Jonathan M. Daniels was valedictorian of the VMI Class of 1961. After graduation, he enrolled at Harvard University to pursue English literature before ultimately attending seminary at the Episcopal Divinity School in Cambridge, Massachusetts. It was at this point that Daniels became actively involved in the Civil Rights movement by assisting with voter registration efforts in Alabama. He also walked in the famous march from Selma to Montgomery, Alabama.
At a voter rights demonstration in Fort Deposit, AL, in August 1865, Daniels and twenty-two others were arrested and taken to Hayneville county jail. Following their release, Daniels and Richard Morrisroe, a priest, went with two black teenagers, Joyce Bailey and Ruby Sales, to Cash's Store for a soda. At the store, a part-time deputy sheriff named Tom Coleman confronted them with a shotgun. When Coleman aimed the shotgun at Ruby Sales, Daniels pushed her out of the way, saving her life. The shot from Coleman's shotgun hit Daniels and killed him instantly.

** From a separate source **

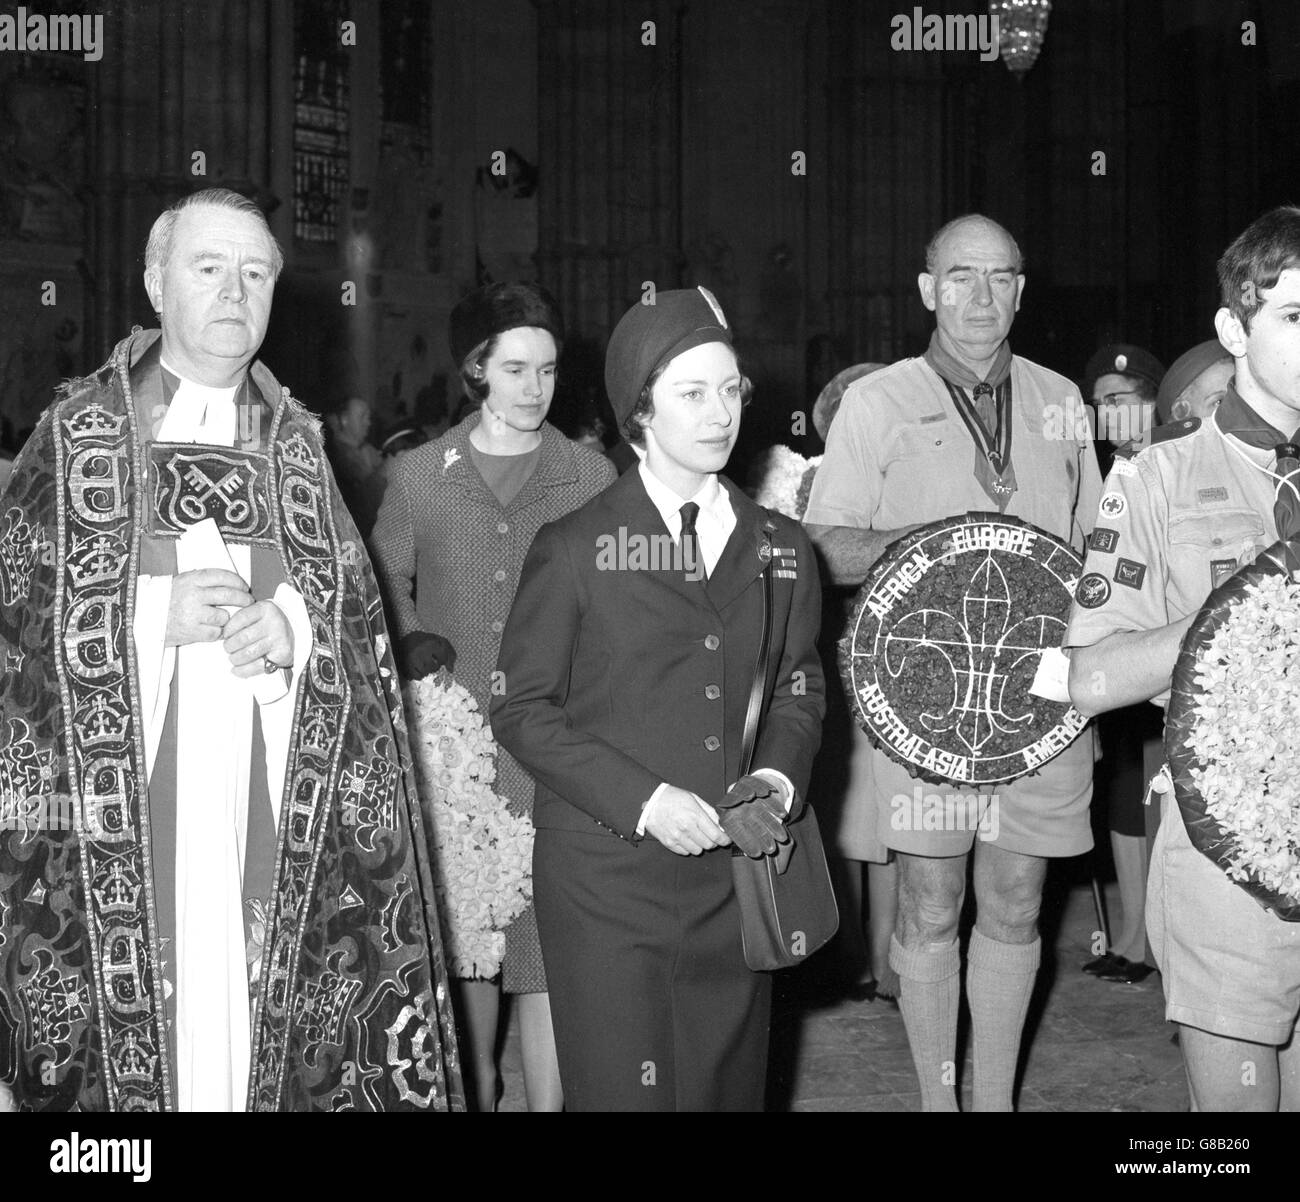 Princess Margaret, as President of the Girl Guide Association, pictured with the Dean of Westminster the Very Reverend Eric Abbott, at Westminster Abbey. Wreaths were placed on the Memorial Stone of Robert Baden-Powell, Founder of the Scout and Guide Movement, during a special service of thanksgiving and dedication, held close to the birthday of Baden-Powell (Feb 22nd). The service was also part of the Abbey's 900th anniversary celebrations. Stock Photo

Because of this ultimate selfless act, the only Barracks arch named for a cadet is the Daniels Arch and Courtyard.
Daniels' selfless act is celebrated through two books and a 1999 documentary about his life. The date of his death is on the Episcopal Church's Calendar of Lesser Feasts and Fasts and he is among the fifteen people honored in Canterbury Cathedral's Chapel of Martyrs in England. At VMI, the Board of Visitors established the Jonathan M. Daniels '61 Humanitarian Award in 1997. The Daniels Arch and Courtyard memorializes Daniels’ heroic act on the VMI campus as an example for all future Cadets.